From ‘daddy’ to indie: Gut check time for Anselmo Ramos
“I feel very uncomfortable now.”
The Drum's Doug Zanger (left) with Anselmo Ramos at WPI conference in Miami / WPI
That answer, to the first question asked to Anselmo Ramos, one of the masterminds behind David, the WPP agency that took the ad world by storm with breakthrough work, seemed a bit out of place.
“But that’s a great feeling,” he noted. “When I look at my career, every time I’ve advanced was a moment that was uncomfortable.”
Speaking with The Drum on stage at the Worldwide Partners Inc. (WPI) conference in Miami, Ramos wasn’t referring to the vibe of the room, but rather the fact that he, along with fellow former David co-founder Gaston Bigio, are entering the agency fray as freshly-minted independents with their agency, Gut.
The name, which adds to the pantheon of single-word agencies, is a tip of the creative hat to they type of work and Ramos and company hope to do.
“It’s visceral. It defines what we do and the kind of work we want to do,” he said. “Gut is about having courage to do something different and it’s also about trusting your feelings and a daily reminder. If you’re a client that doesn’t want to do good work, then you’re not going to call an agency Gut.”
Indeed, the work that Ramos has helped lead over the years is definition enough about the agency’s ambition. The difference, however, is that Ramos is on to the next chapter of his career and didn’t necessarily see the value in keeping with WPP.
“I’ve always wanted to have an independent agency. That’s always been my dream — and David was the closest I got to that,” said Ramos. “Clients from big brands are also open to talking to independent agencies.”
What’s interesting, and likely telling, is that during his time at David, most of the brands he came into contact with thought that the agency was independent. When he informed them that it was WPP, there was, according to Ramos, a sense of disappointment.
“Sometimes I’d go into meetings and tell them that David was part of WPP and people would say, ‘Really? I thought it was your agency.’ It was kind of a bummer [to them],” he said.
Taking the leap (and the work)
Now, he and his partners are navigating the uncharted waters of being independent, dealing with all of the essentials that, during his time with WPP, though important, weren’t his main concerns.

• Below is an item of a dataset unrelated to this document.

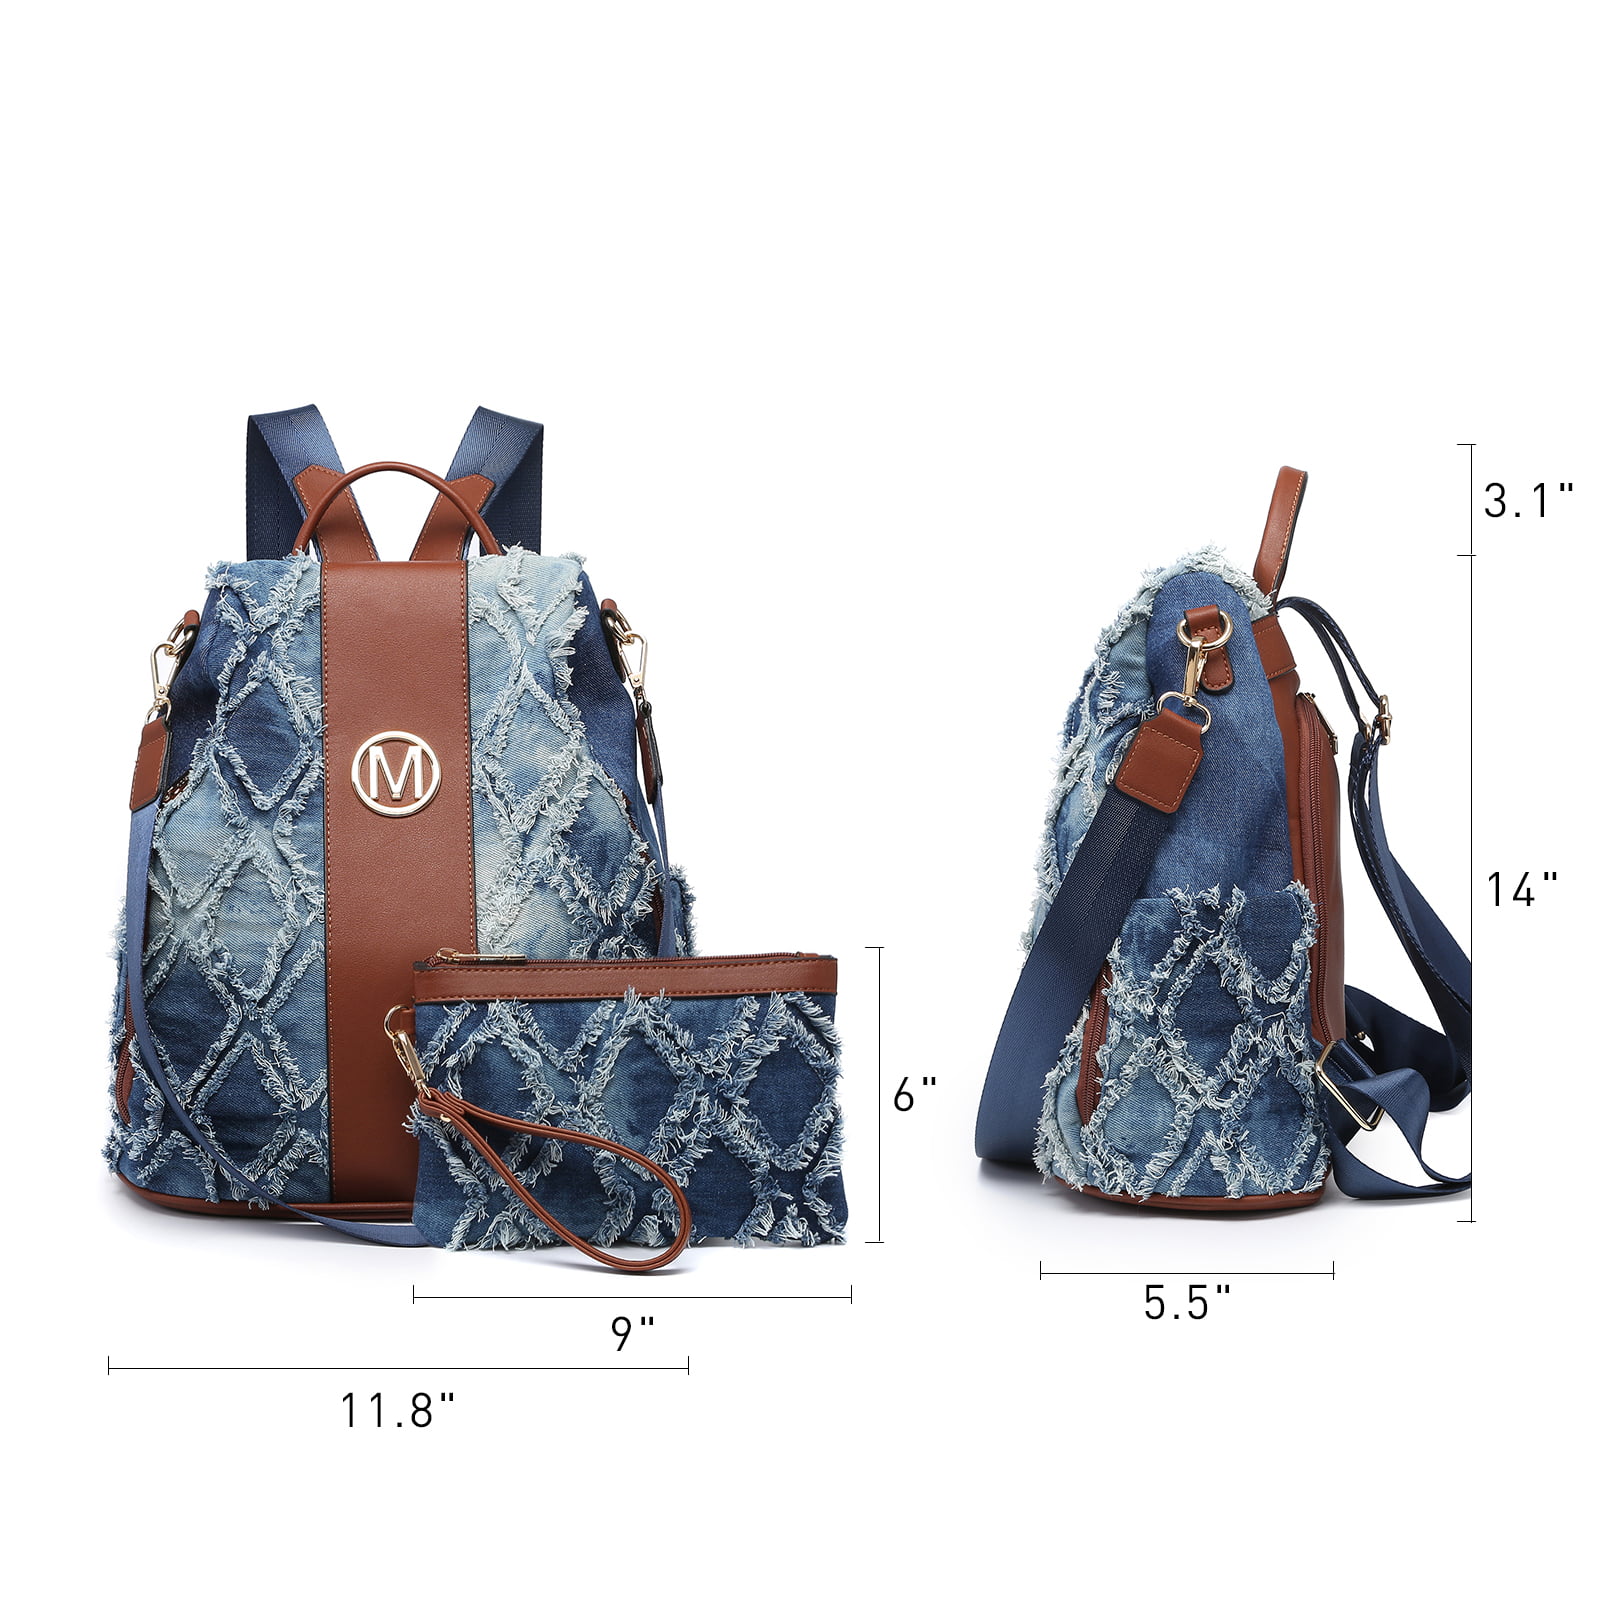  M Marco Women's Fashion Satchel Handbags with Matching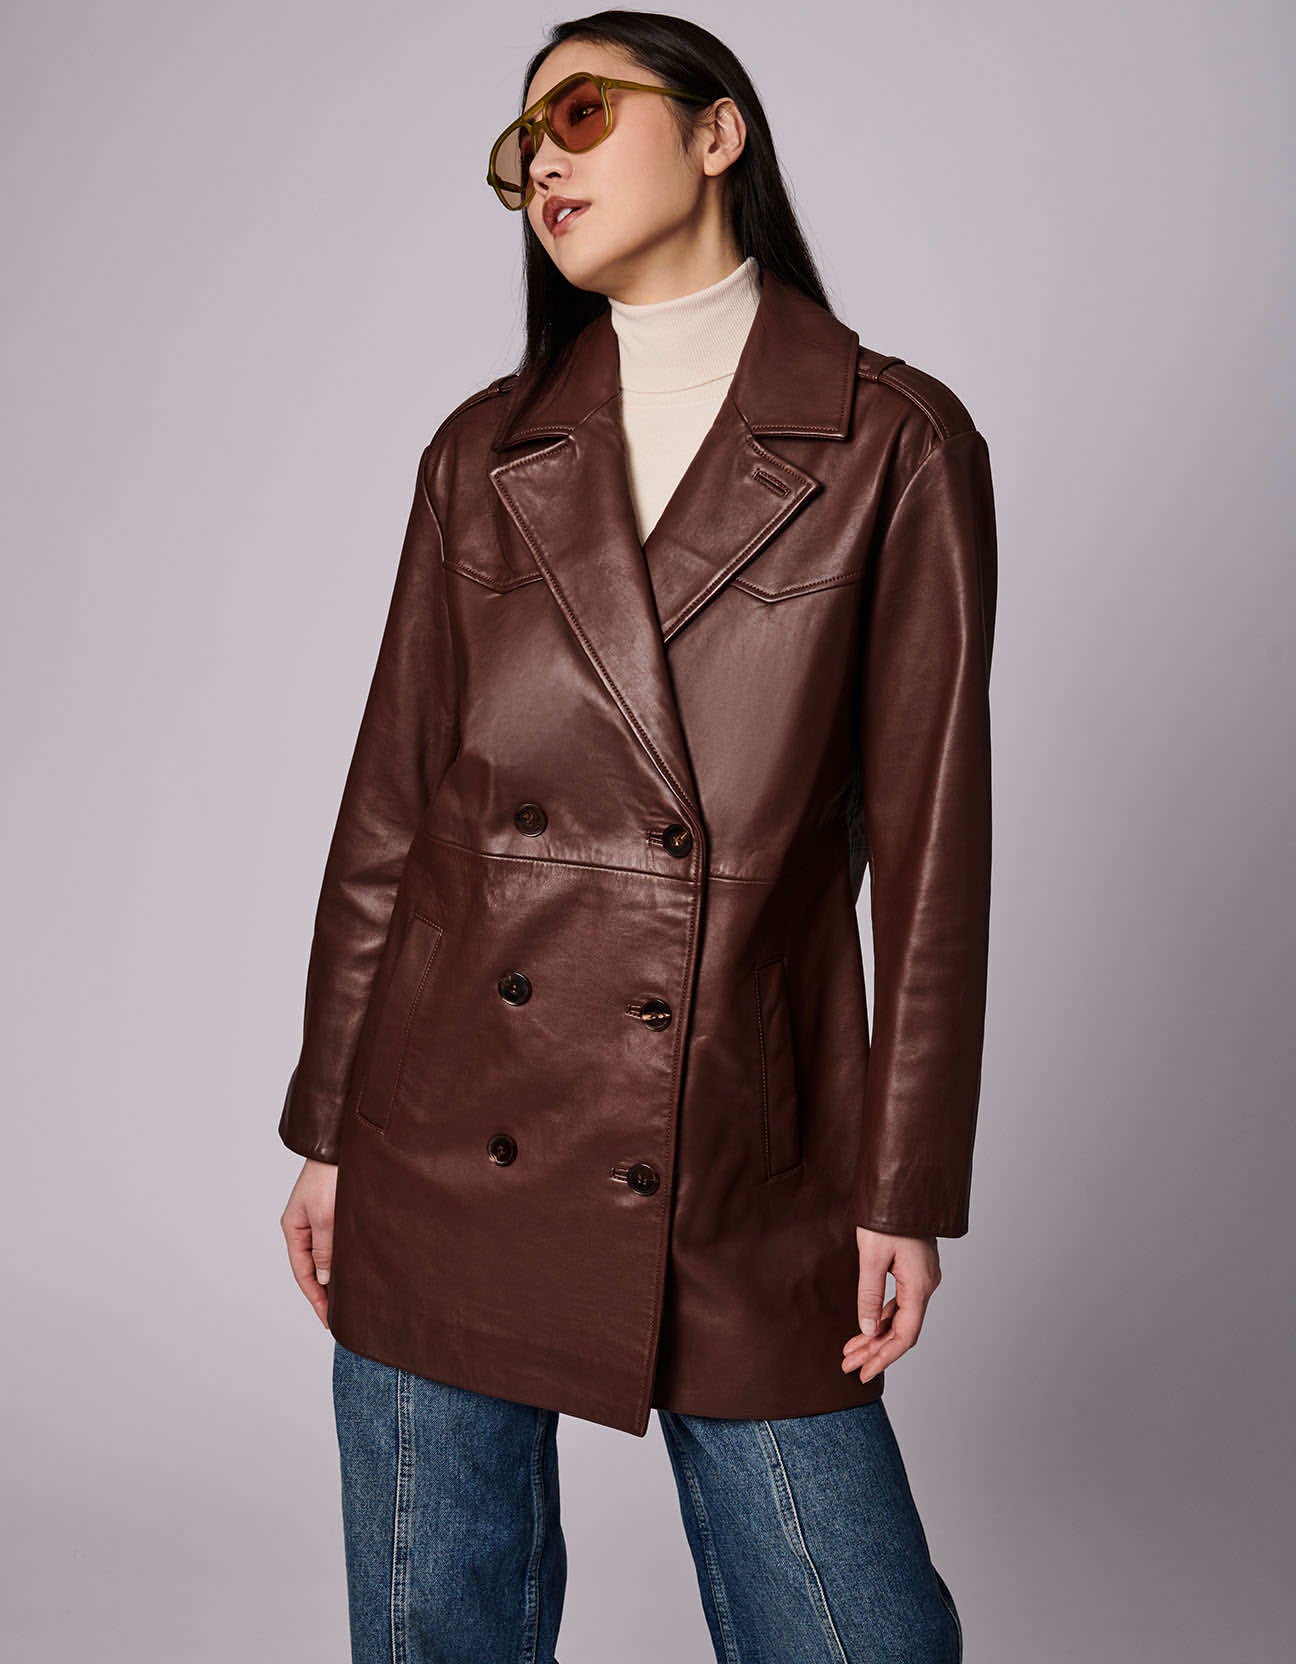 Stylish Leather Jackets for Your Wardrobe

“Should we fly coach? What’s our bank? Everything is in the open [and] I don’t have daddy anymore,” said Ramos, referring to WPP.
Once he decided to make the leap, Ramos feared that the reaction would be less than positive. He couldn’t have been more wrong, as clients offered their enthusiastic support.
“They said, ‘finally, you’re doing this. I’m so happy for you,’” he said.
Yet, Ramos approaches the future of his clients with Gut in the same way that he did with David.
“Why David felt independent was because everything was about the work,” he said. “The work is the boss — that’s the most important thing. Then we can talk about anything else, but the work is everything. I think sometimes holding companies don’t talk enough about the work.”
It’s easy to understand why Ramos feels this strongly. Throughout his career, he has been at the forefront of some of the most impressive creative work, including Dove’s ‘Real Beauty Sketches’ and game-changing creative for brands like Burger King, KraftHeinz and Budweiser — most of which has garnered significant industry praise and awards.
Where he also sees creative green space is in Gut’s ability to adapt to the changing landscape of advertising and marketing. Ramos also contends that access to the right people makes a difference for brands.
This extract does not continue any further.